A 61 kg skier speeds down a trail, as shown below. The surface is smooth and inclined at an angle of theta = 18 degrees with the horizontal.
a. Draw a free-body diagram for the skier. (Explain how would you draw something like this?)
b. Calculate the normal force on the skier.
c. Assuming that the snow is frictionless, calculate the acceleration of the skier.
2007-11-19 15:19:36 · 1 answers · asked by nirmal 1 in Science & Mathematics ➔ Physics
Please show/explain all work clearly please.
2007-11-19 15:21:57 · update #1
(a) To draw a free-body diagram, you need to identify all of the forces on the object. These come in two flavors: forces from things that are touching the object (contact forces) and forces from things that are NOT touching the object (field forces).
You've only met one field force; that's gravity. So gravity puts a force mg on the object, directed towards the center of the Earth.
The skier is in contact with the ground, so there's one contact force. If the contact is with a surface, this force is usually expressed in two components; perpendicular to the contact surface (the "normal" force - normal simply means "perpendicular") and the component parallel to the surface (created by friction). You're told that the snow is frictionless, so the contact force has only a normal (or perpendicular) component.
So your free-body diagram will have two arrows: one pointing down, with magnitude mg, and the other pointing 18 degrees from the vertical (that is, perpendicular to the surface) with magnitude N.
(b) Apply a Cartesian coordinate system to your free-body diagram. Align the x axis with the slope, so your coordinate system is tilted. We'll call the direction perpendicular to the surface "up" even though it's not truly up.
You have two contributions to the net "vertical" force: the normal force (up) and a component of gravity, mg cos 18, down. There's no net acceleration (and no net force) in this dimension.
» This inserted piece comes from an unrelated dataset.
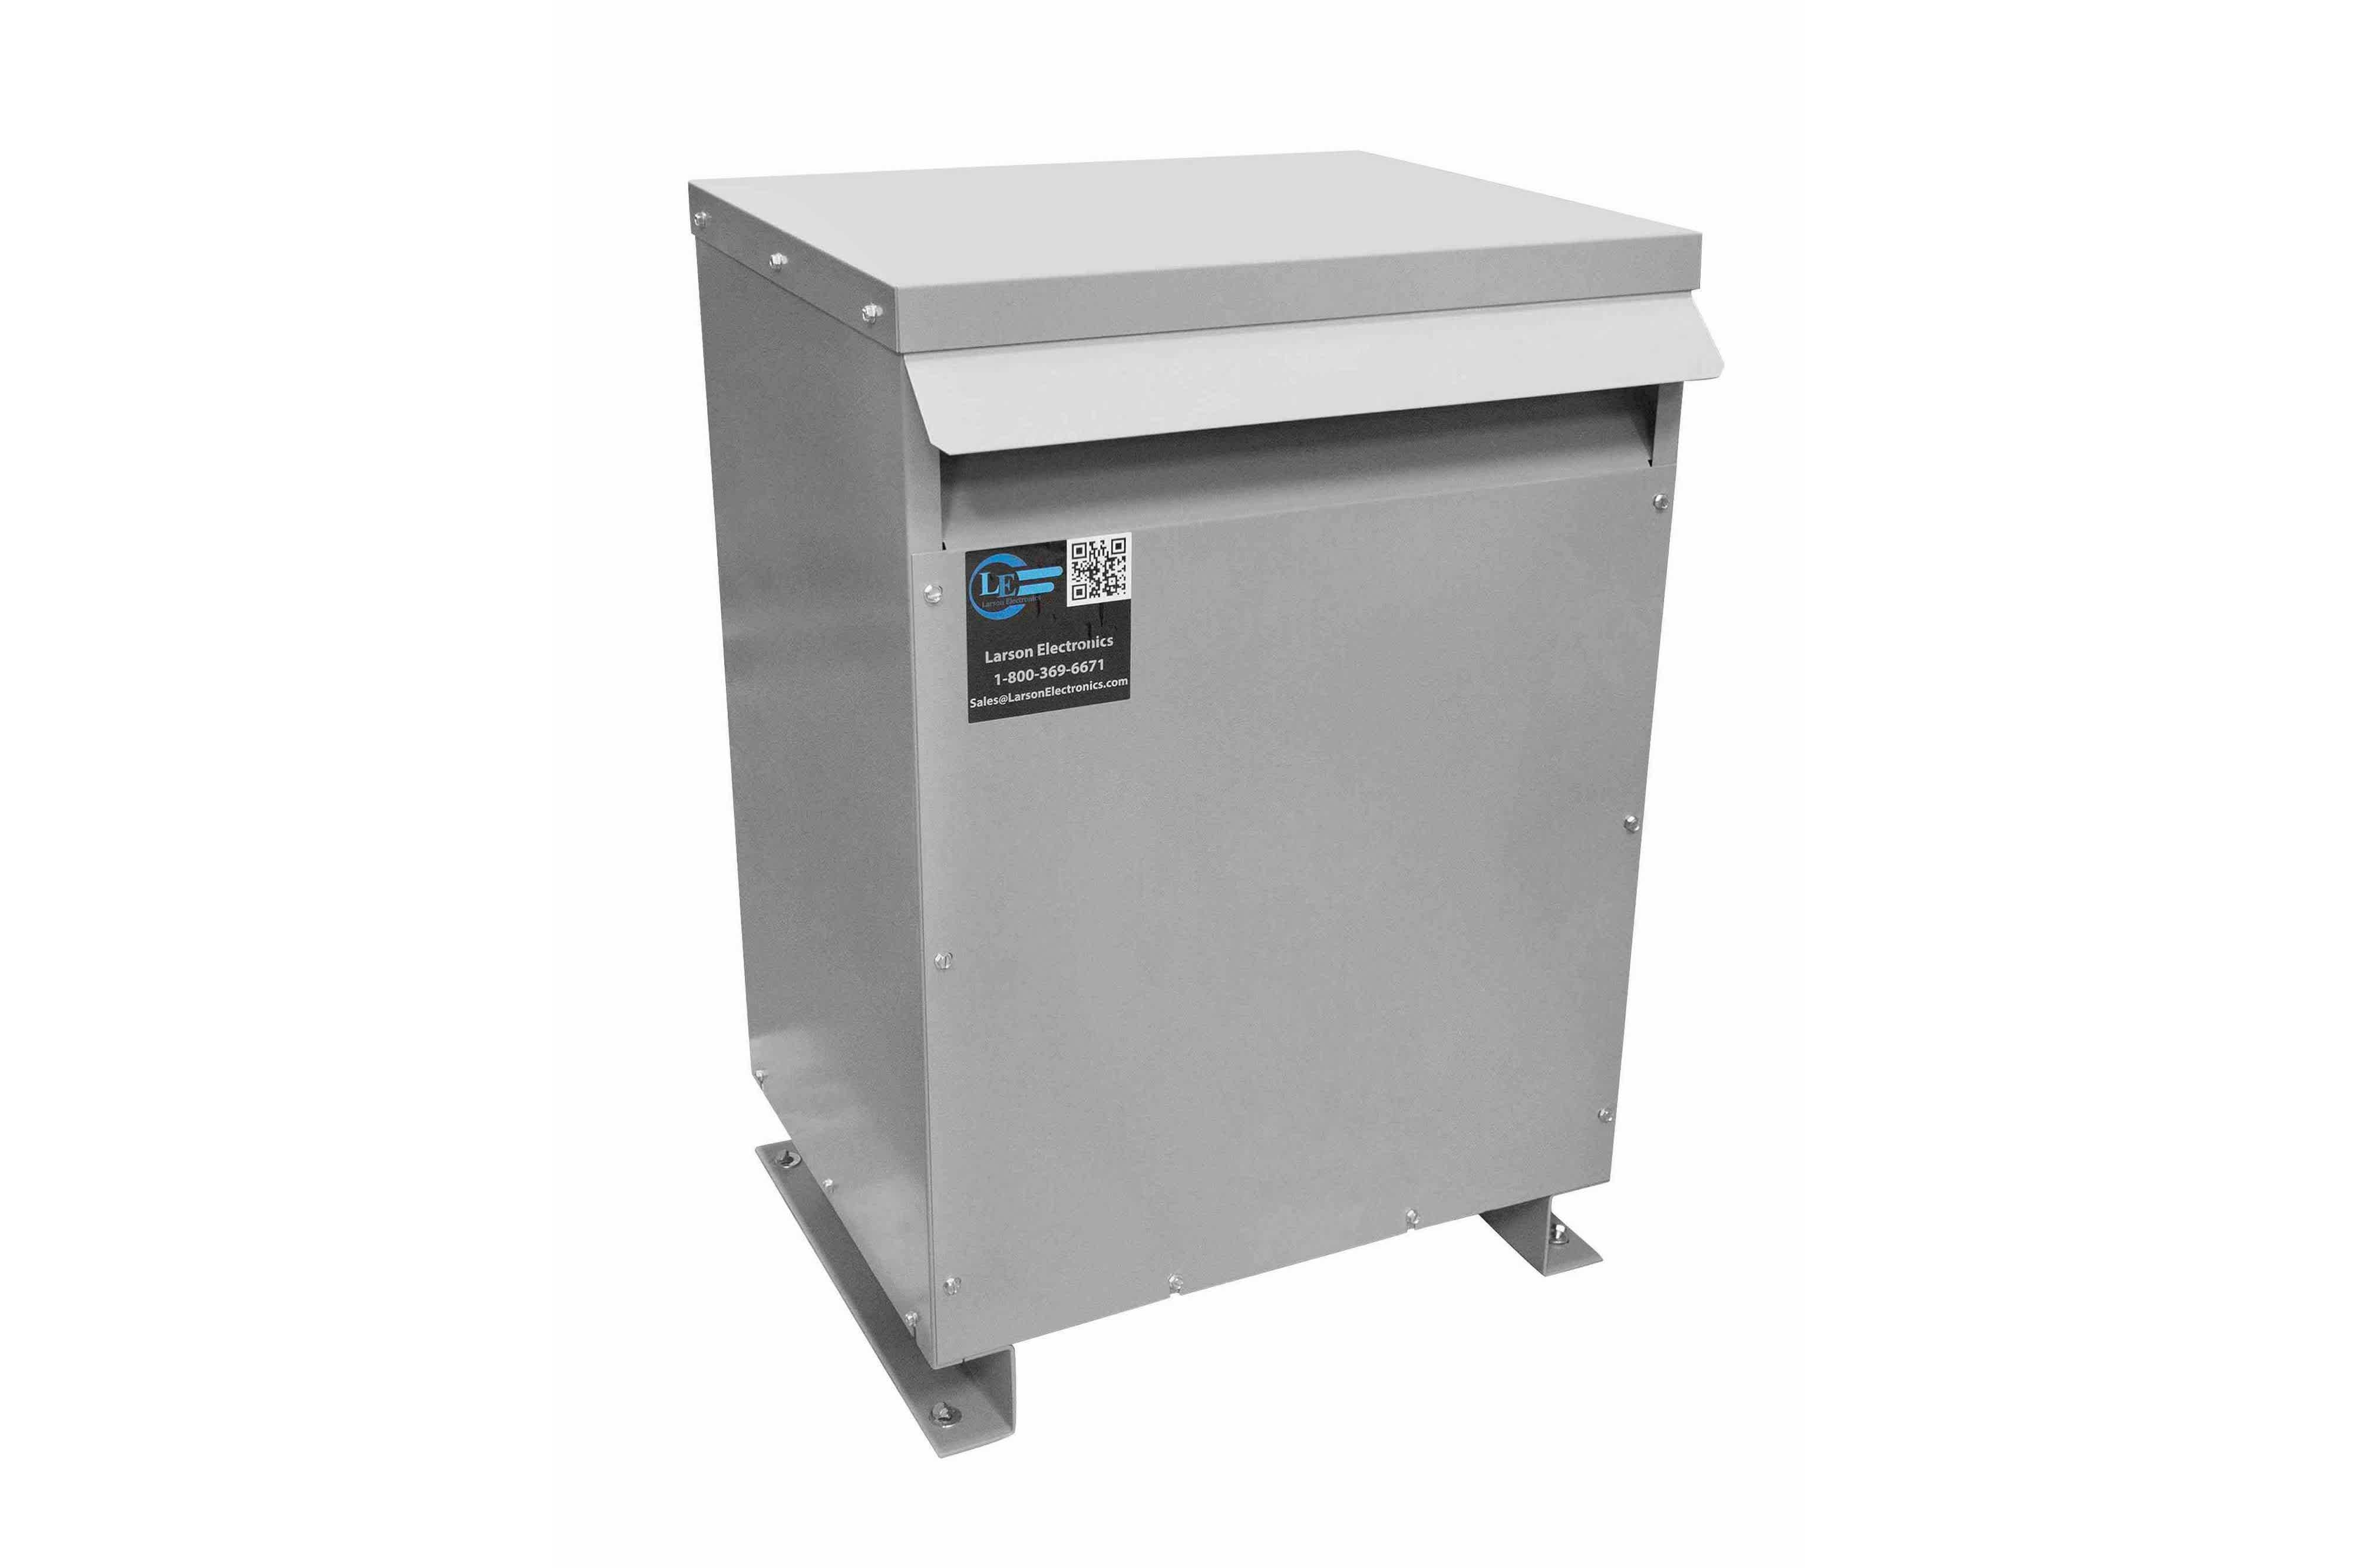 137.5 kVA 3PH Isolation Transformer, 415V Wye Primary, 600Y/347 Wye-N Secondary, N3R, Ventilated, 60 Hz

So Newton's Second Law in this dimension is
F = 0 = N - mg cos 18
Plug in m, g, and cos 18 and solve for N.
In the "horizontal" dimension, you have but one force: mg sin 18. So Newton's Second Law for this dimension is
F = ma = mg sin 18
ma = mg sin 18
a = g sin 18
Plug in g and sin 18 to get the downhill acceleration.
2007-11-19 15:32:04 · answer #1 · answered by jgoulden 7 · 0⤊ 0⤋